**Task requirements:**
Every line from the line containing "Two photo image" through the end of the data is to be reproduced exactly, excluding pictures.

**Data provided:**
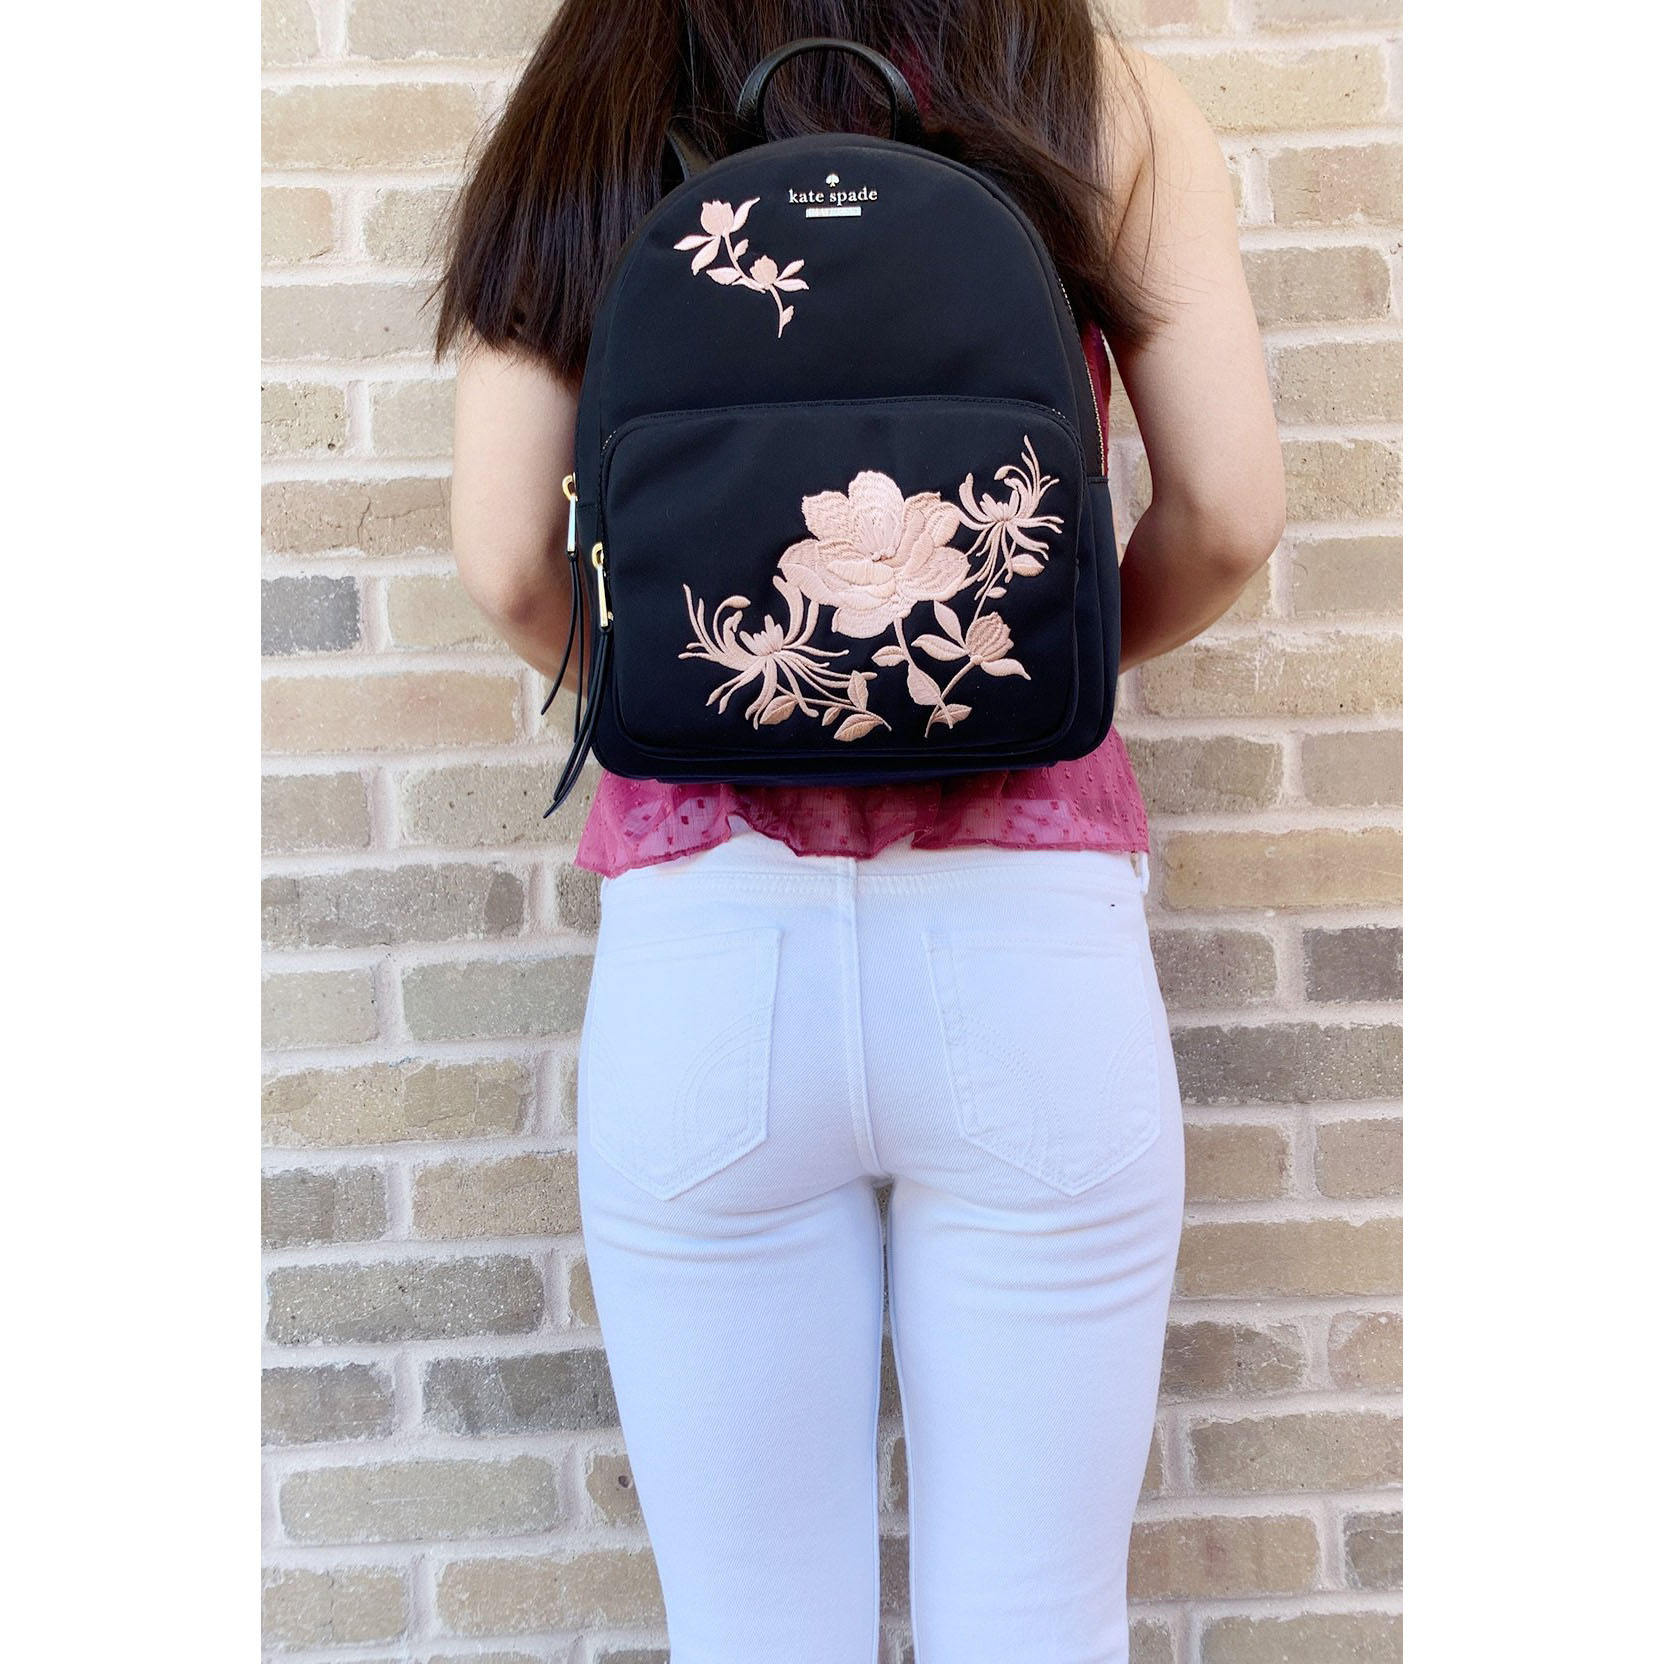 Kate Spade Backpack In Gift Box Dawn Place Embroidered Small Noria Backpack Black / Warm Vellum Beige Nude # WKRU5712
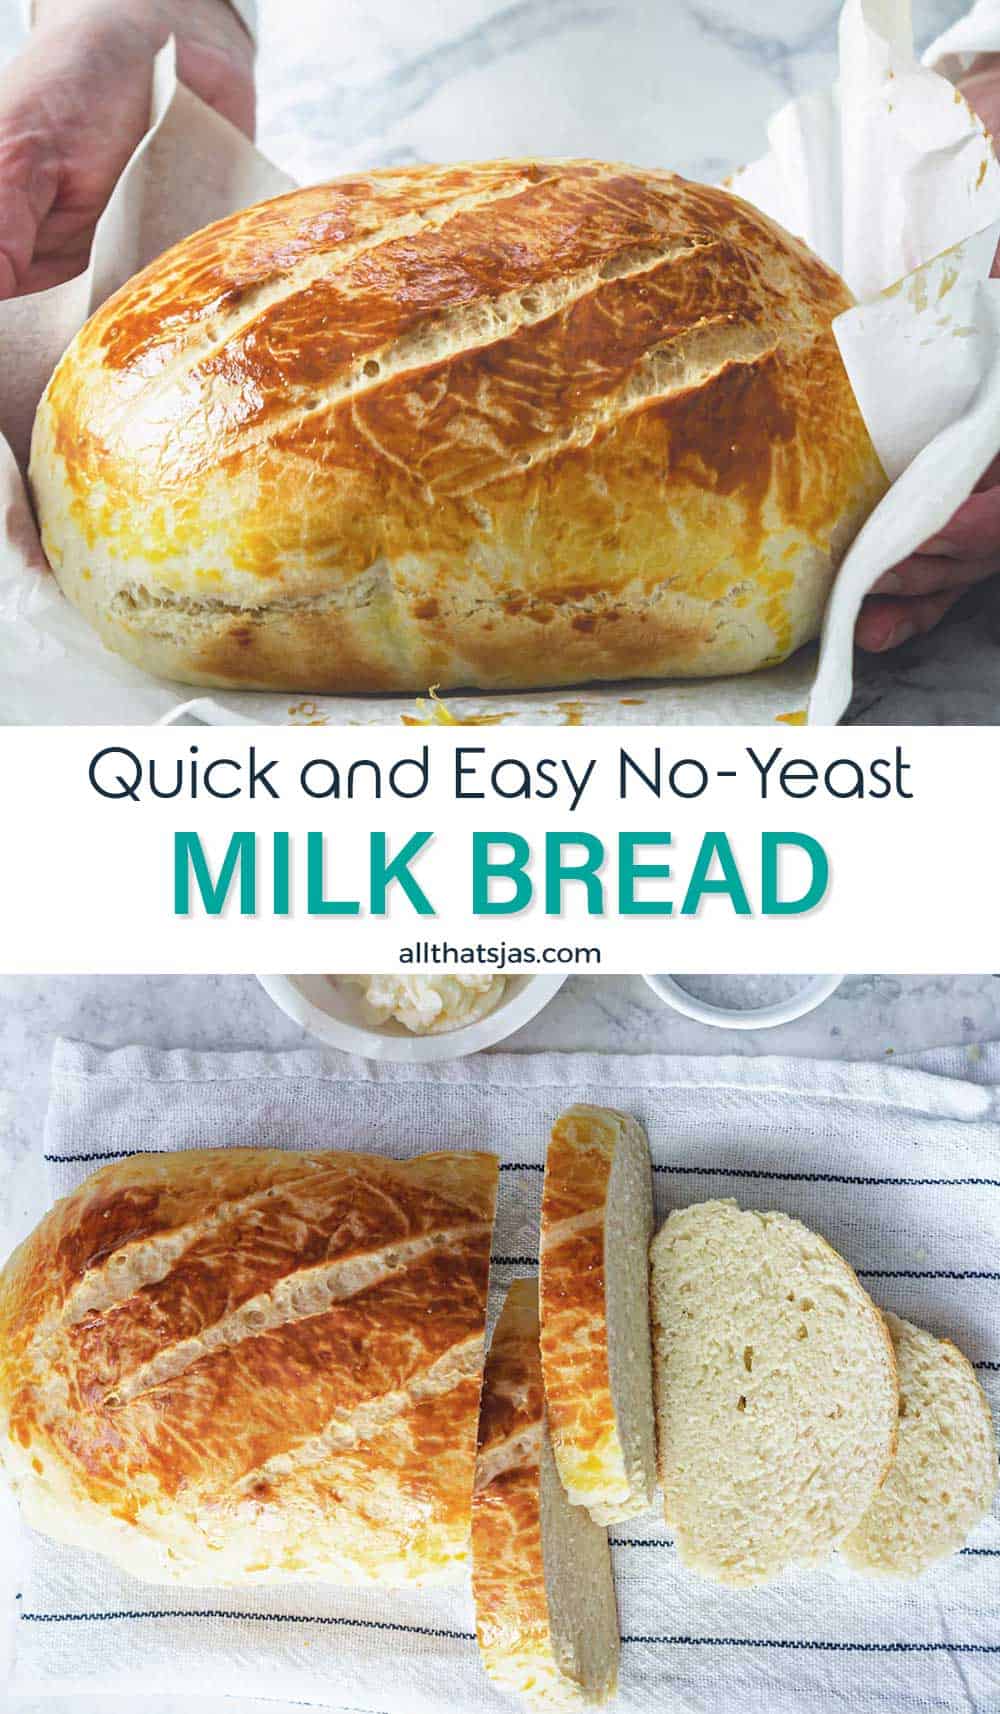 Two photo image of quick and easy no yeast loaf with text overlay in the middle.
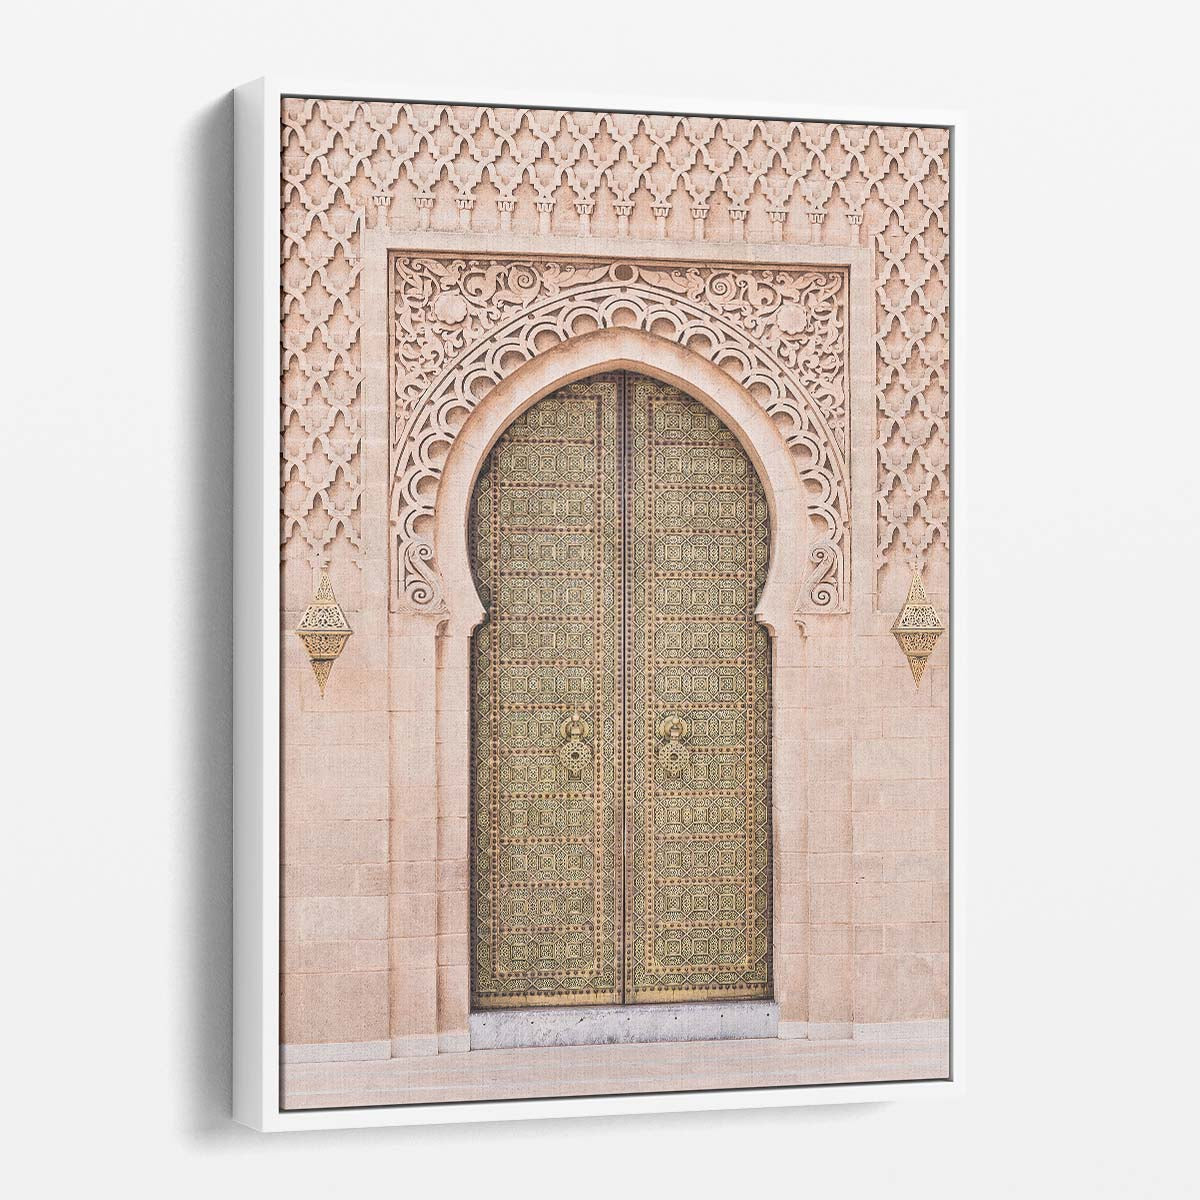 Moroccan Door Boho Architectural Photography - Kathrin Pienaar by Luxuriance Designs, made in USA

**Answer space:**
 Two photo image of quick and easy no yeast loaf with text overlay in the middle.
 Moroccan Door Boho Architectural Photography - Kathrin Pienaar by Luxuriance Designs, made in USA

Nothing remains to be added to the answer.